Google Now suggested that I look at Adam Ruins Everything, now a television series based on a prior web video series produced by CollegeHumor. In this show common notions are debunked and uncomfortable facts revealed about common elements of culture and society. According to Google Now, it suggested specifically the Special Election Edition on the basis that I’ve shown interest in the general election. The video was a snippet of the 1-hour episode with an advertisement to see the rest on television.

Curiously, ARE is yet another show that combines comedy with education or news. It reminds me somewhat of Penn and Teller‘s Bullshit which wasn’t called comedy, but really didn’t have much less humor than ARE.

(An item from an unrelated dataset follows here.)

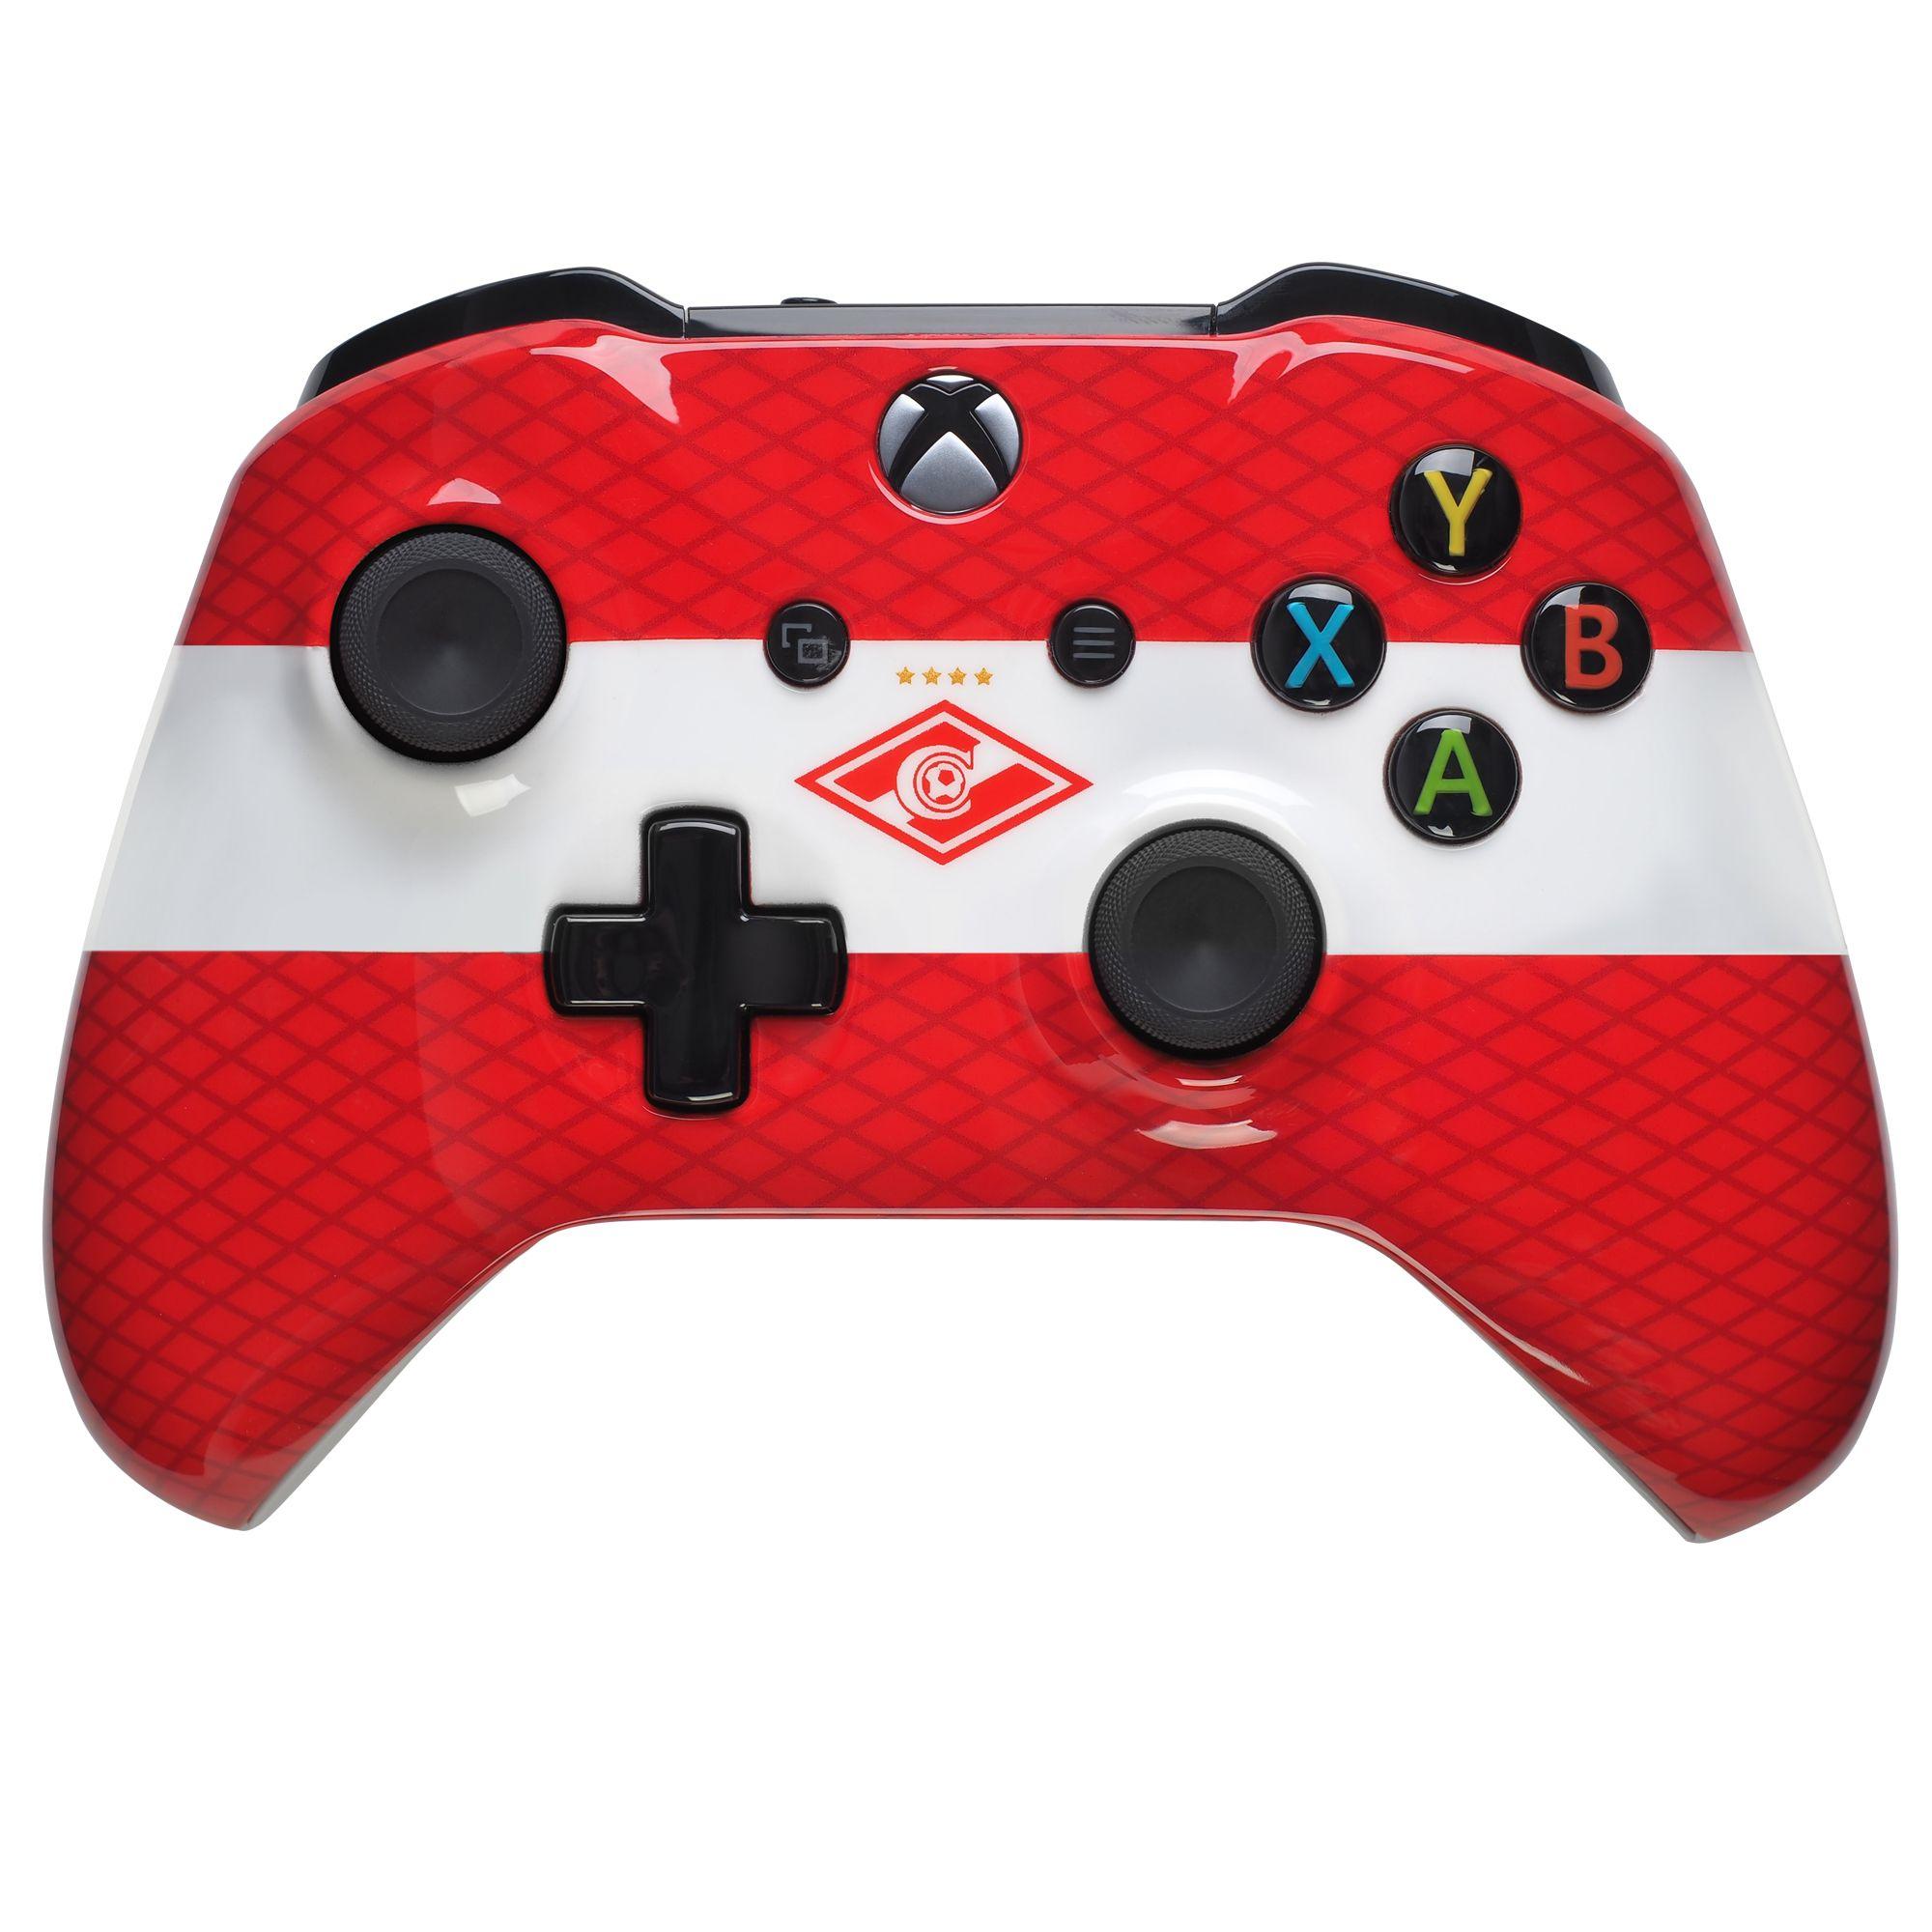 Кастомизированный контроллер Xbox One «Красно-Белый» (XboxOne)

Google may have picked up that I follow cracked.com which seems to have very little relationship to Cracked magazine, but also produces educational comedy, including coverage of some really terrible things.

Things like: being a sex slave, living in a cult, living on an indian reservation, working for Wells Fargo during the recent bank fraud racket, being attacked by the alt-right, being a woman in Saudi Arabia, working at a psych ward, being a veteran male rape survivor…

Comedy.

Which gets me to the thing I’m inferring. Is comedy changing from being about humor and more a thing about talking about real crap going on in the real world?

What we call news was once supposed to do that and has ceased. Rather the biases in self-identified news agencies have revealed themselves. Fox News probably only highlighted matters of bias in news entertainment by providing an obvious visible example. Seeing Fox, we investigated further, examining all of our news sources for veracity, for slant, for omitted details, or for omitted stories entirely. Indeed, we’ve found not only bias, but different kinds. We found out some bias was inevitable even by those agencies determined to be impartial. We found out the strange and spurious logics that informed editor policy, often creating unintentional bias, or merely the appearance of non-bias. And we discovered the many, many ways that journalistic speech is chilled in what is supposed to be a free-press society.

In 2016, mainstream news agencies in the United States dispense pure propaganda (in the information-intended-to-manipulate sense, not necessarily in the lies-and-half-truths sense) and while we are more capable than ever of fact-checking, news programs are more comfortable than ever of telling blatant untruths.

And then it’s comedy shows that defy that. The Daily Show particularly during John Stewart‘s tenure presented itself as a spoof on news, but provided better news content than similar shows proclaiming to be about news. It became regarded as a reputable news show even though when criticized when it didn’t behave as a news agency (often refusing to toeing the news correspondent line to gain access to inside scoops) Jon and his associates would argue we’re just a comedy show.

The show that comes on after mine has puppets making crank phone calls.

I considered this era might be an echo of the political court jester, but that is a romanticized notion. Jesters in aristocracy were merely entertainers, and it was not always his day job to perform, rather a bit of extra to do for the lord than (say) house knight or yeoman, especially if working the main hall was easier than walking the snowy ramparts or charging on the front line with a stick. On rare occasion, yes, a jester would be left to break bad news to the lord, but there was never any assurance that the lord wouldn’t retaliate against the messenger. It was regarded as criminal (or at least very bad form) for the lord to murder the court jester only in that it was frowned upon for the lord to murder any of the house staff.

The comedy defense has since been used by John Oliver regarding statements made on Last Week Tonight.

Steven Colbert‘s shows, The Colbert Report and The Late Show, both include satirical news editorials (including The Werd feature segment when the intro stand-up segment isn’t enough). Colbert’s approach has been to respond to criticism of his satire with more satire.

Samantha Bee is also continuing news comedy on her show Full Frontal, focusing on investigative reports. If she’s responded to criticism about her content, I’ve yet to hear it.

So… this is a thing now, and when I find bits that are allegedly comedy pieces, but have very little that’s actually funny and a whole lot that is not, I find it easy to infer we’re changing the definition of what is comedy.

We’re certainly changing the definition of what is news.